One of the UK’s most secretive centres of scientific research – Porton Down – is aiming to stop the next pandemic “in its tracks”.
I have passed through the incredibly tight security at this remote facility to get rare access to its scientists.
They are based in the shiny new Vaccine Development and Evaluation Centre.
Their work builds on the response to Covid, and aims to save lives and minimise the need for lockdowns when a new disease next emerges.
“Covid, of course, is not a one-off,” says Prof Dame Jenny Harries, chief executive of the UK Health Security Agency (UKHSA), which runs these laboratories.
“We say it [Covid] was the biggest public health incident for a century, but I don’t think any of us think it’ll be a century before the next,” she adds.

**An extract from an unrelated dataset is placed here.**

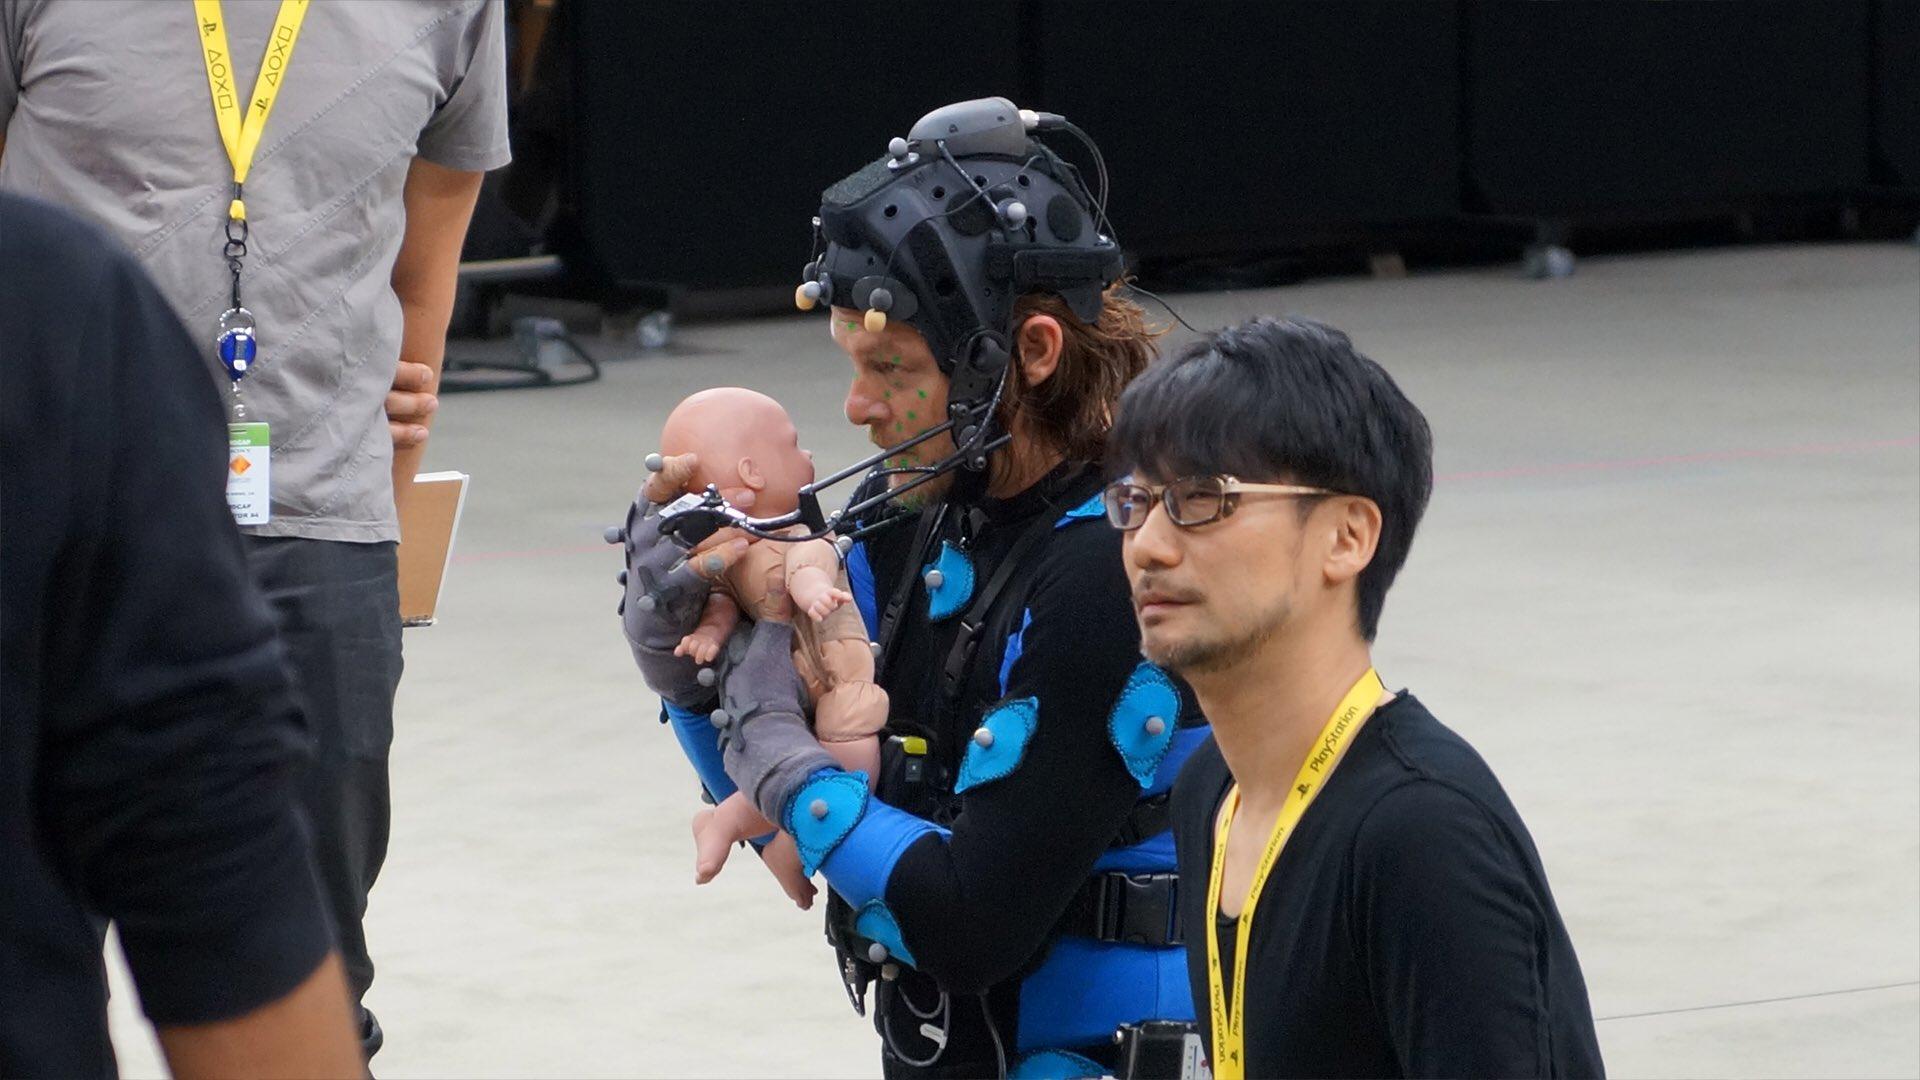 Unioni civili in VR.

The combination of climate change, urbanisation and people living closer to animals – the source of many new diseases which transfer to people – means we’re facing a “rising tide of risk”, she says.
Porton Down – located in the tranquil Wiltshire countryside, near Salisbury – is one of the few places in the world equipped to research some of the nastiest viruses and bacteria you could imagine. The freezers here contain the likes of Ebola.
Neighbouring buildings include the Defence Science and Technology Laboratory (part of the Ministry of Defence), where it was confirmed the nerve agent Novichok has been used in the Salisbury poisonings.
The vaccine laboratories – housed in dark green buildings – were hastily constructed as part of the emergency response to Covid.
But, as the intense demands of the pandemic have waned, the focus has shifted.
The new vaccine research centre is concentrating on three types of threat:
- known infections that are getting harder to deal with, such as antibiotic-resistant superbugs
- potential threats that might cause a problem, including bird flu and new Covid variants
- and “Disease X” – something unforeseen, like Covid, which takes the world by complete surprise
The aim is to work with the pharmaceutical industry, scientists and doctors to support all stages of vaccine development.
Porton Down scientists are working on the first vaccine against Crimean-Congo Haemorrhagic Fever, which is spread by ticks and kills about a third of those infected.
The disease is found in Africa, the Balkans, the Middle East and in Asia – and could spread further with climate change.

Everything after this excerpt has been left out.